Triumfatorem trzeciego etapu Tour of Turkey został Fabio Jakobsen. Holender z Deceuninck – Quick Step po świetnym rozprowadzeniu bez trudu pokonał zwycięzcę dwóch pierwszych aktów rywalizacji, Sama Bennetta (BORA-hansgrohe). „Bez moich kolegów z drużyny ten sukces byłby niemożliwy” – ocenił na finiszu 22-latek.
Jakobsen na tureckich szosach odniósł swoje jubileuszowe, 10. zawodowe zwycięstwo. Było jednak ono zwieńczeniem znakomitej pracy pozostałych kolarzy Deceuninck – Quick Step, którzy perfekcyjnie rozprowadzili młokosa.
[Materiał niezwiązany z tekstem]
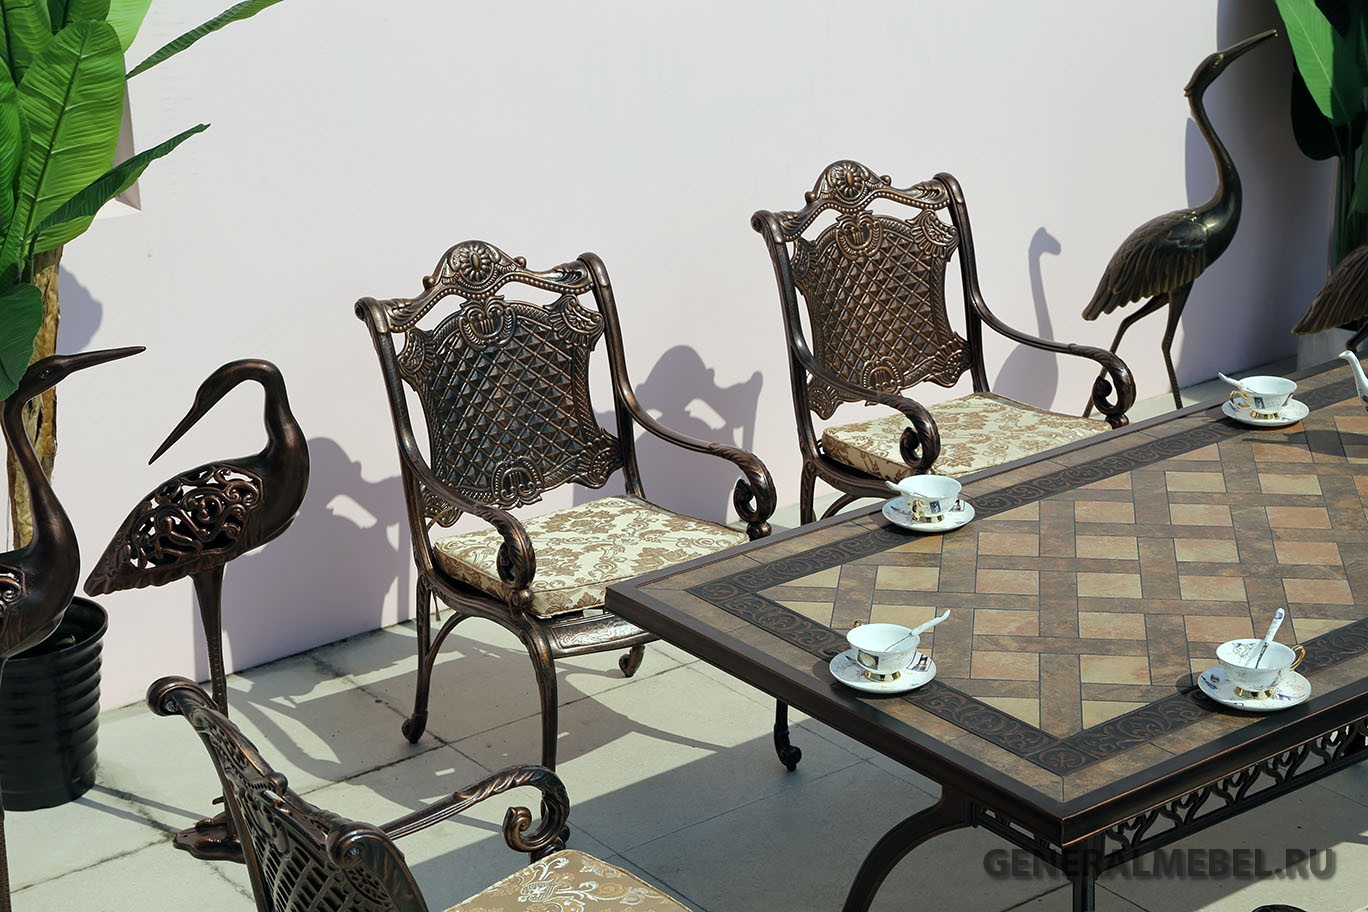 Стол Керамик литое подстолье из металла, столы и стулья для столовой, керамическая столешница, стол с плиткой литой из алюминия, стол для улицы в беседку и на террасу, мебель на веранду металлическая из литого алюминия и чугуна

Tę wygraną dedykuję kolegom z ekipy. Bez nich ten sukces nie byłby możliwy, wyprowadzili mnie na znakomitą pozycję
– mówił Jakobsen na linii mety.
Max (Richeze – przyp.red.) kończył mnie rozprowadzać. Na ostatnich dwustu metrach czułem się świetnie i nawet flagi, które kibice trzymali tuż przy finiszu, nie mogły mi przeszkodzić. Cieszę się z tego sukcesu i z faktu, że będę mógł wrócić do kraju opromieniony zwycięstwem
– podsumował.
Mimo świetnej formy Jakobsena, niewiele wskazuje na to, by jego bardzo ostrożnie ułożony kalendarz startów uległ zmianie. Po zakończeniu zmagań w Turcji wyjedzie on do Kalifornii, gdzie powalczy w worldtourowej etapówce.